State exits Bank of Ireland returning €6.7bn to taxpayers

The State pumped €4.7bn into Bank of Ireland in 2009 during the financial crash.
State exits Bank of Ireland returning €6.7bn to taxpayers

Bank of Ireland is the first Irish lender to return to private ownership in full since the Government pumped €64bn into the financial system in 2009. Picture: Denis Minihane.

The State has sold its remaining shares in Bank of Ireland, completing the bank's return to private ownership. 

The Government stated that it had recovered almost €6.7bn in cash from the sale of its shares, this comes after €4.7bn of taxpayer funds were used to support the bank during the financial crisis.

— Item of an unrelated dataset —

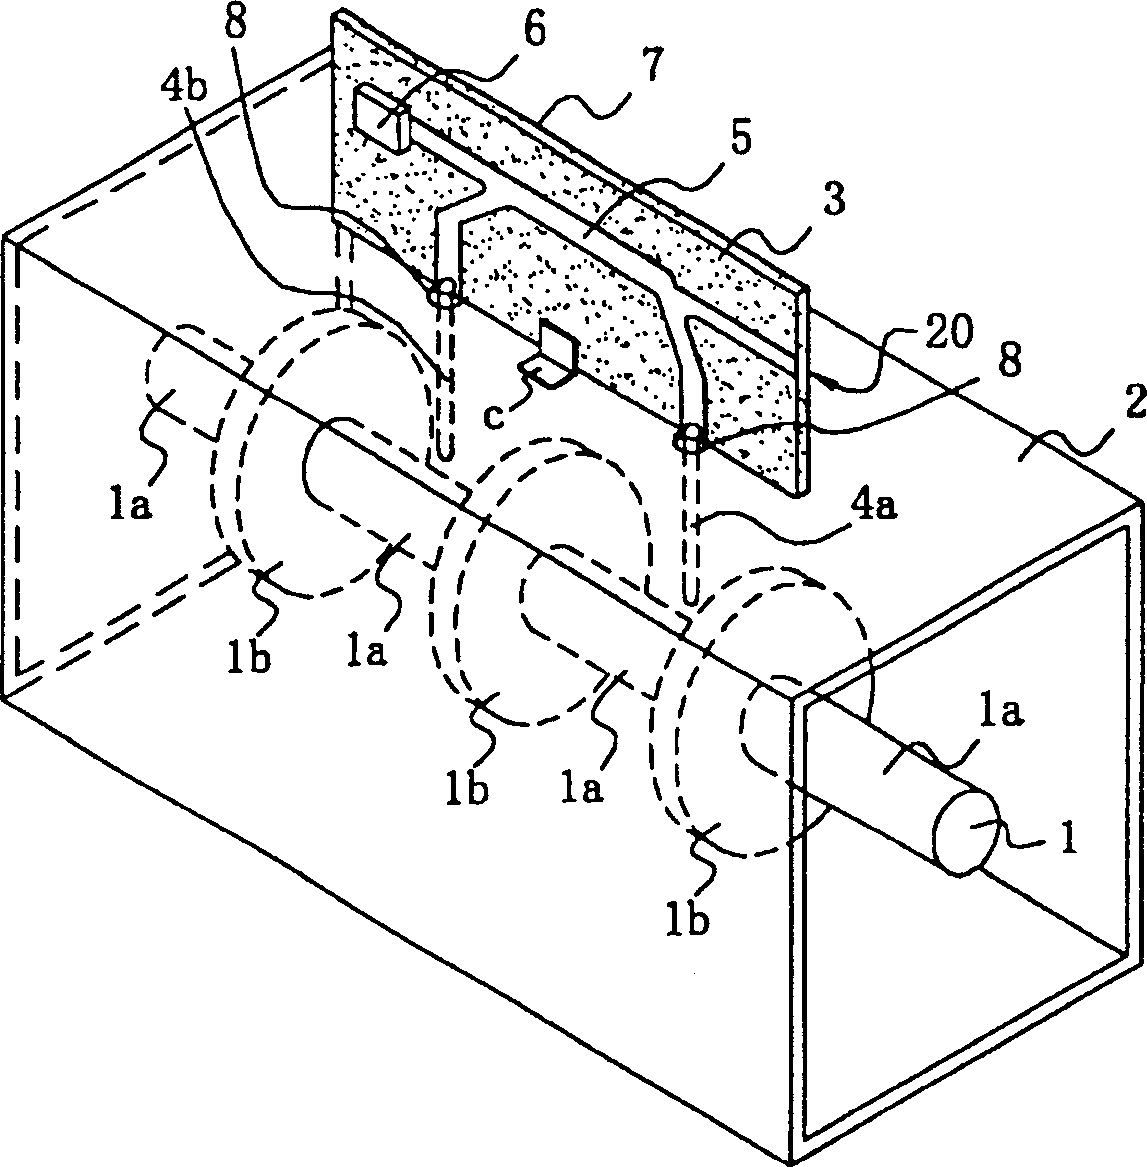 Filter having directional couplex and communication device

Bank of Ireland is the first Irish lender to return to private ownership in full since the Government pumped €64bn into the financial system in 2009.

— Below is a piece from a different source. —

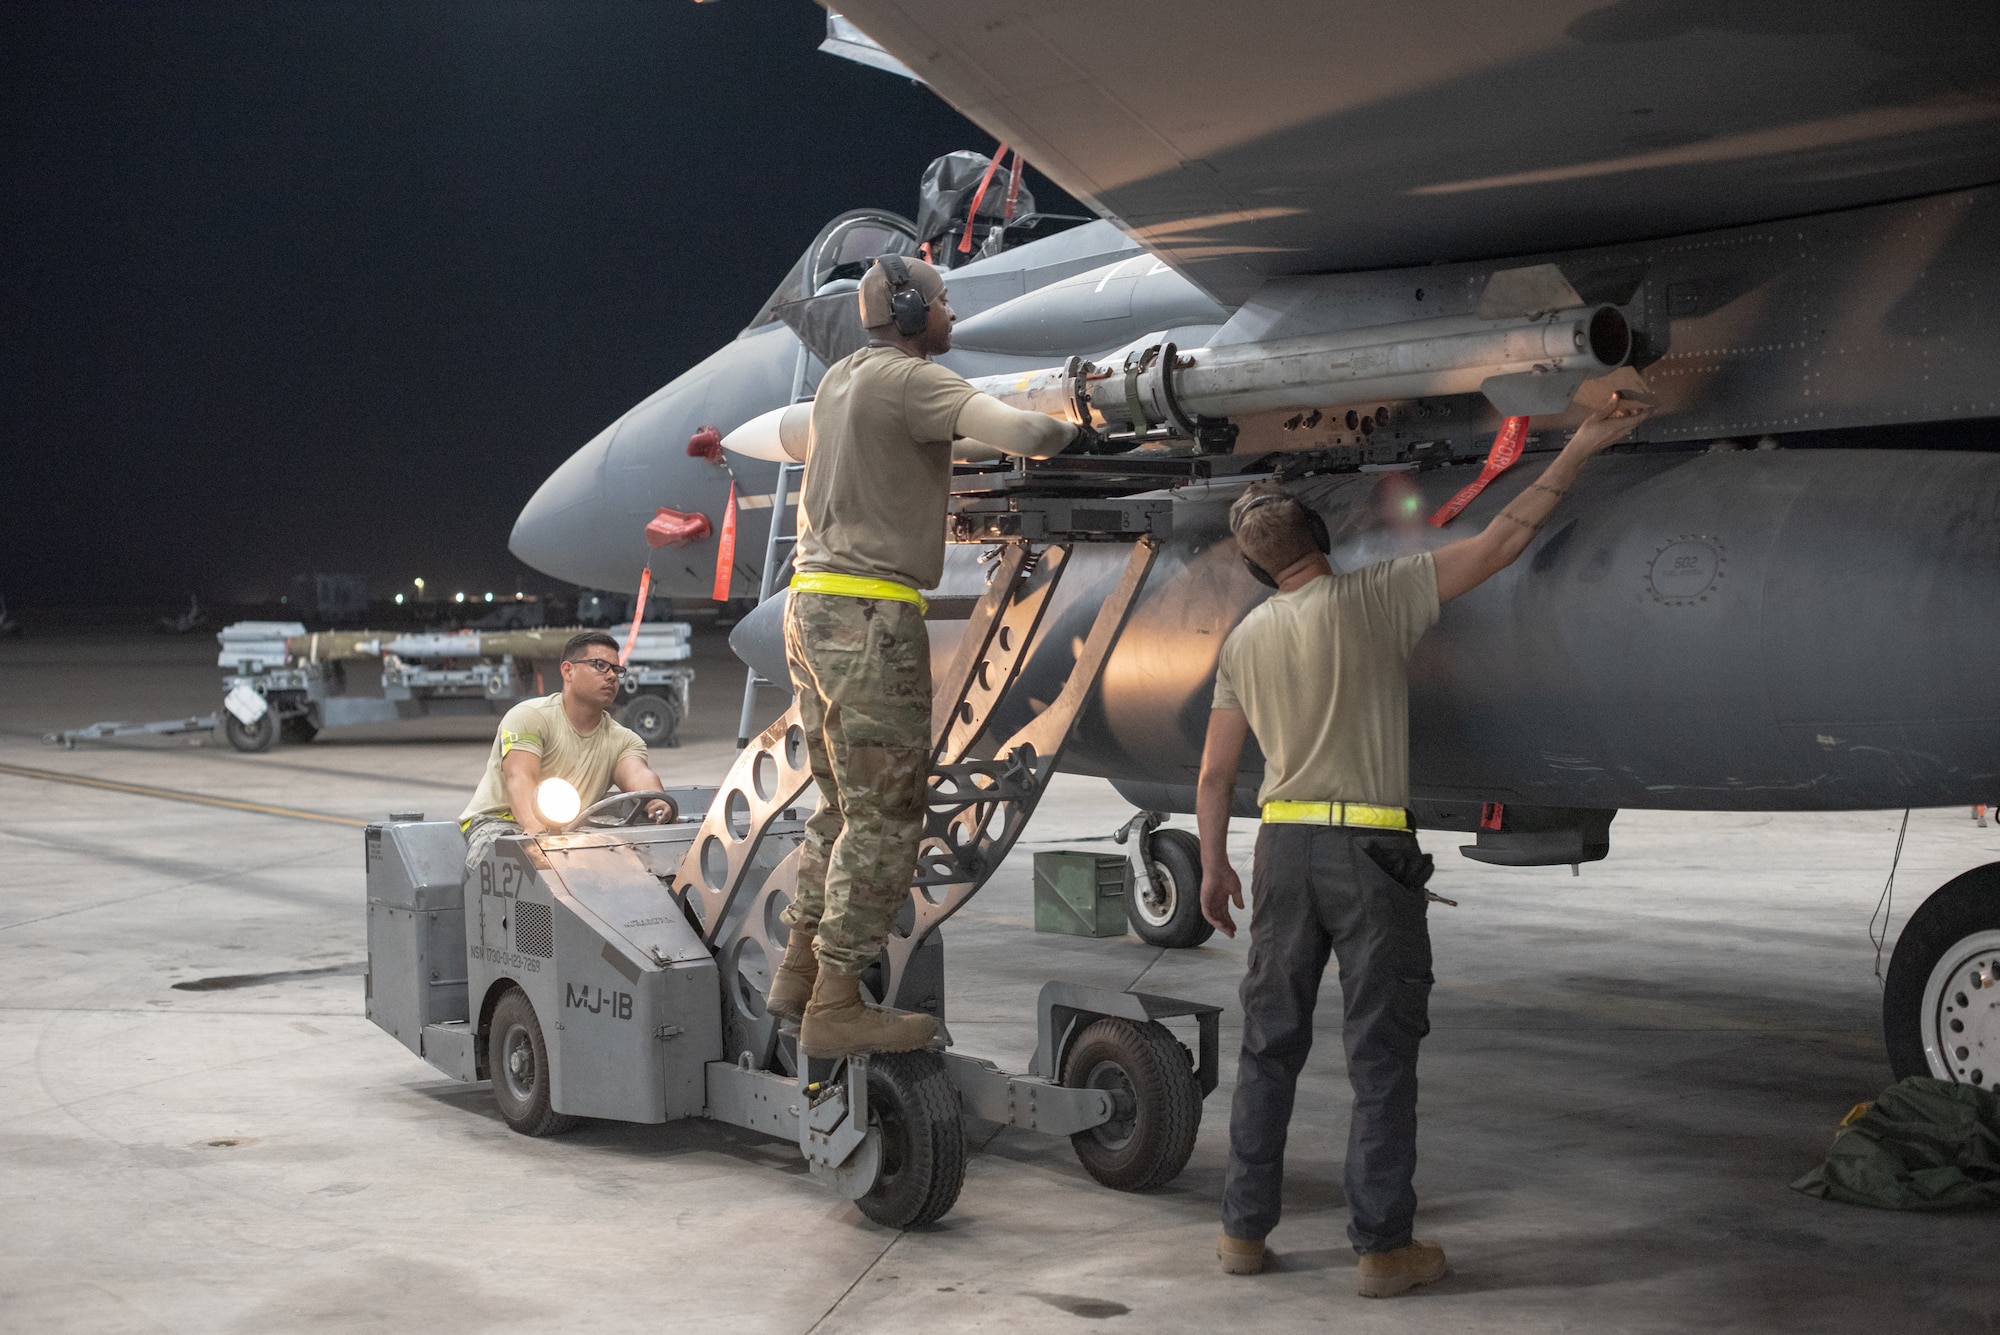 An F-15E Strike Eagle weapons load crew team attaches an AIM-120D to a pylon July 15, 2019, at Al Dhafra Air Base, United Arab Emirates. The AIM-120D is the latest Advanced Medium-Range Air-to-Air missile (AMRAAM) and features improved navigation, kinematics, lethality and hardware and software updates to enhance its electronic protection capabilities against more capable threats. (U.S. Air Force photo by Staff Sgt. Chris Thornbury)

Minister for Finance, Paschal Donohoe said: "Taxpayer funds which were used to rescue the Irish banks, should be recovered and used for more productive purposes."

"The gradual disposal of the State’s investment in Bank of Ireland into a rising market has been successful in delivering on this objective for our citizens," he added.

The trading plan for the sale of the shares was managed by Citigroup Global Capital Markets and the proceeds of the sale total approximately €841m. 

The State's shares in the Bank of Ireland were sold at an average price of €6.17 per share in phase three of the trading plan. This was an increase from an average of €5.64 in phase two and €4.96 in phase one.

The Government's stake in PTSB is expected to decline to approximately 62.4% later this year, down from 75%.

AIB is the State’s largest remaining investment in the financial sector, the stake in the bank has been reduced from 71.2% to 63.5%.

Collectively the State's shares in PTSB and AIB are estimated to be worth over €4.7bn.

Gavin Kelly, interim group chief executive of Bank of Ireland, said: "The completion of the sale of the State shareholding in Bank of Ireland is a very positive moment for Irish taxpayers, for Bank of Ireland, and for the sector as a whole."

Mr Kelly added that the return of the bank to private ownership will allow it to "move conclusively beyond the financial crisis, and is a very important step towards full normalisation of our relationship with the State".

The State has been gradually selling its shares in the bank since June last year.

The share-selling process was originally scheduled to finish in January. However, Mr Donohue extended the deadline in May.

In 2009, during the financial crash, the State pumped €4.7bn into Bank of Ireland. The State also sold a 5% stake in AIB earlier this year, which reduced its shareholding to 63.5%. The sale generated €305m for taxpayers.